When is the Purchase Offer Accepted for a Sacramento Home?

Sellers Wait on Purchase OfferYou will find veteran real estate agents in Sacramento who do not know the answer to when do sellers and buyers have a purchase offer accepted? What is the date of offer acceptance? Moreover, what date is the date of the purchase contract? Even Bank of America does not know the answer to this question, but at least it has picked a method by which to determine the date, even if it is incorrect, according to California law.

I had a conversation with a short sale negotiator at Bank of America yesterday about its SSPCA, which is a form used in a short sale. It specifies and references the date of the California purchase contract. This particular negotiator said that bank policy is to pick the date the real estate agent typed the offer, the date that appears in the upper right hand corner of every page of the C.A.R. Residential Purchase Agreement. This date may or may not be the date on which the buyer even signed the offer. It is definitely not the date of the purchase contract, even if it is the date the buyer signed the offer.

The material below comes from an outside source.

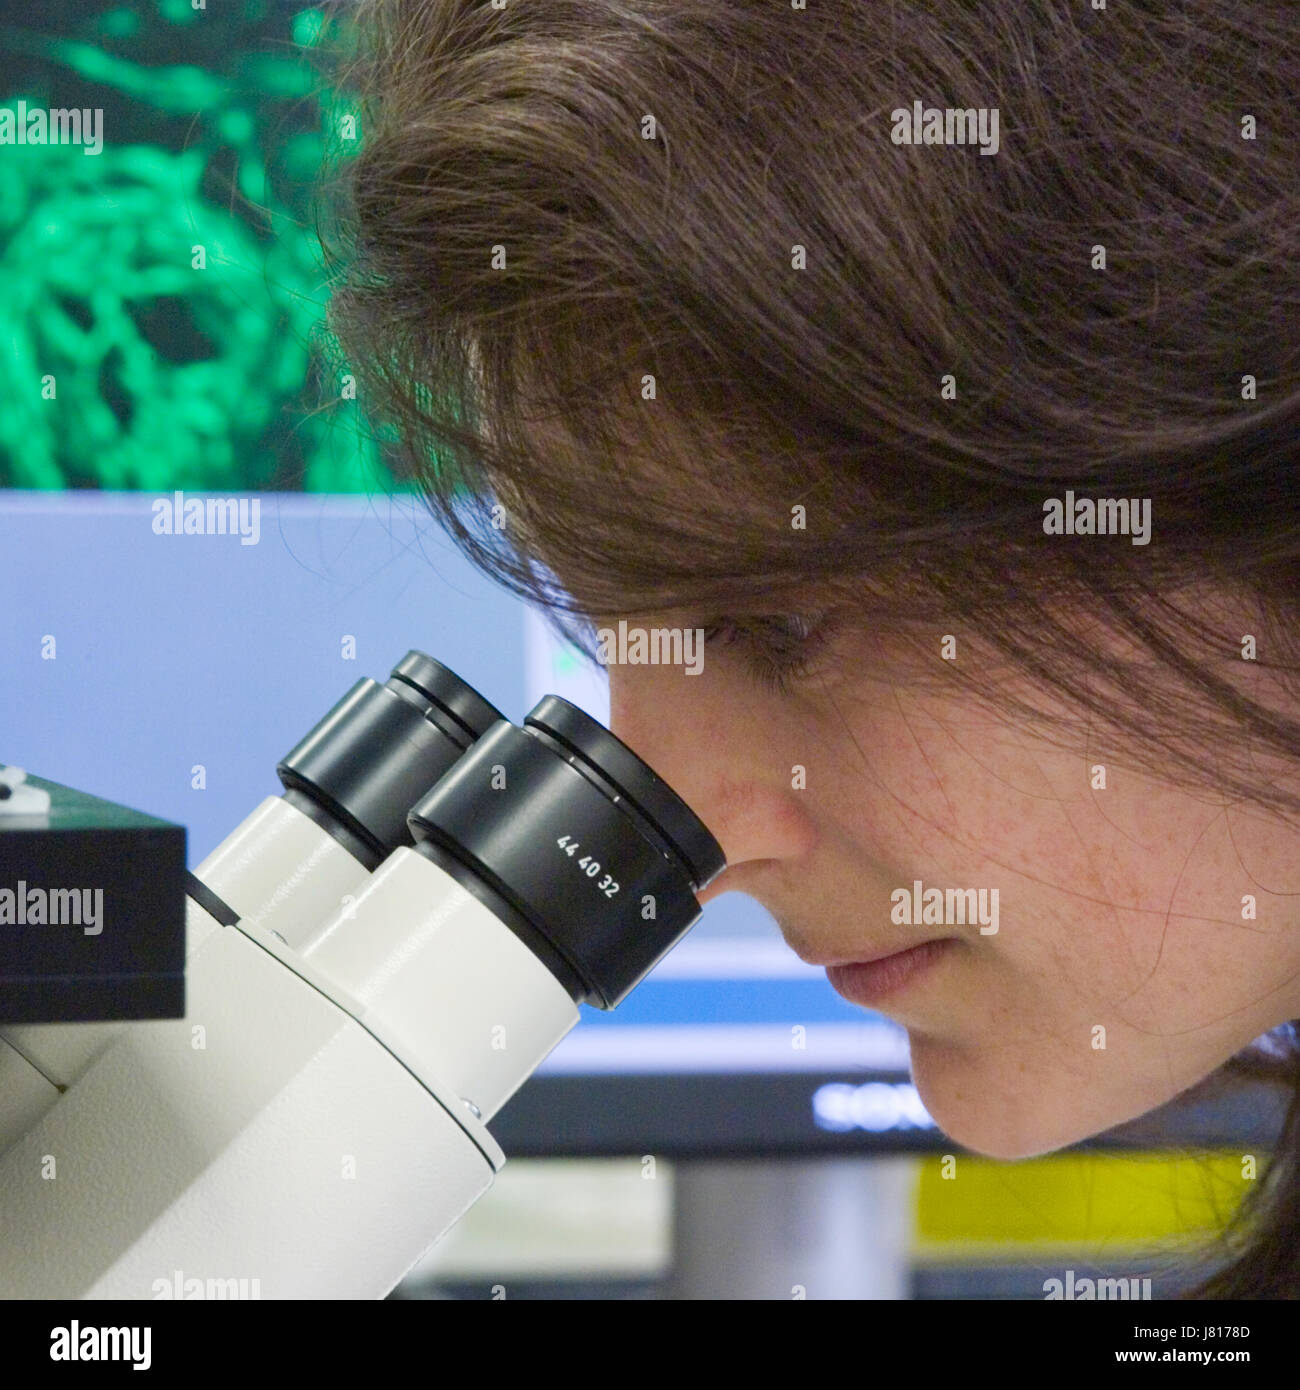 Woman scientist in bio-sciences lab looking through microscope eyepiece Stock Photo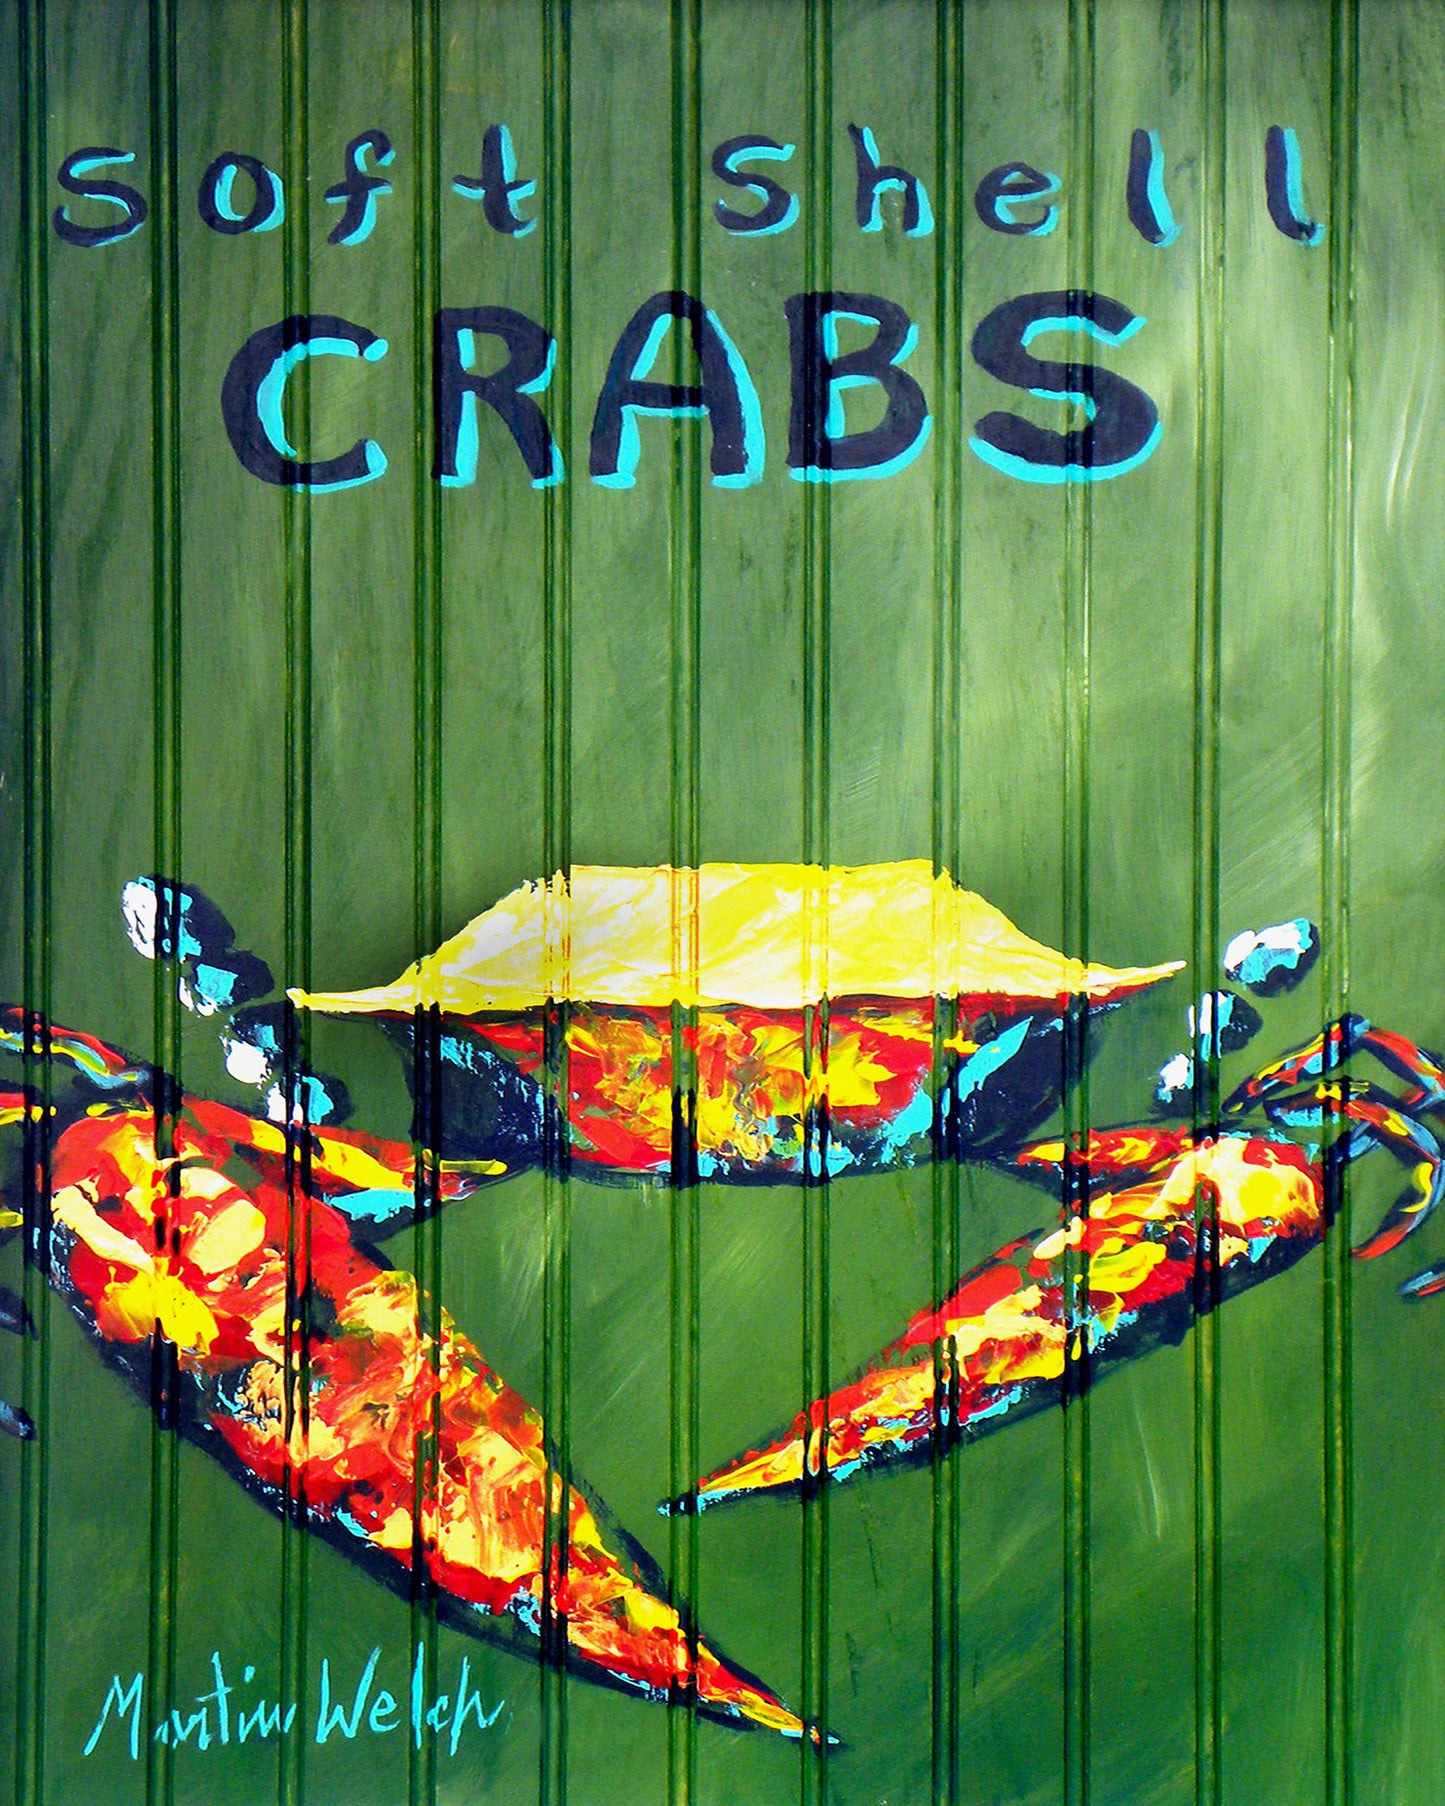 Soft Shell Crabs - Crabs - 11"x14" Print

But I can see Bank of America’s point of view. It needs some sort of conformity in its short sale processes, thank goodness, and its lawyers probably decided that since the laws in all states are different, and their lazy ass wants to use only one form nationwide, then the lawyers would just make up their own rules. Nobody cares about short sales much anymore.

When it comes to a home buyer in Sacramento, though, the date of the purchase contract is extremely important because it establishes the contingency period date. Purchase contracts contain contingencies for all sorts of things such as home inspections, appraisal and loan approval. Those time periods, typically 17 days by contract default, start the day after the purchase contract is ratified, fully accepted.

The date the contract is fully accepted, the date of contract acceptance, is the date it is delivered to the party named on page 8 in the first paragraph (subject to counter offers, if any). If it is the buyer who is named, then it is the date that the buyer receives the fully executed contract. If the name is that of the buyer’s real estate agent, then it is the date the buyer’s real estate agent receives the fully executed contract. It is “delivery” and receipt of that delivery that starts the clock ticking.

For example, if a purchase contract is signed by the buyer on October 16th, accepted by the seller on October 19th, but not delivered to and acknowledged by the buyer’s agent until October 21st, then it is October 21st that is the date of delivery and the official date of the purchase contract.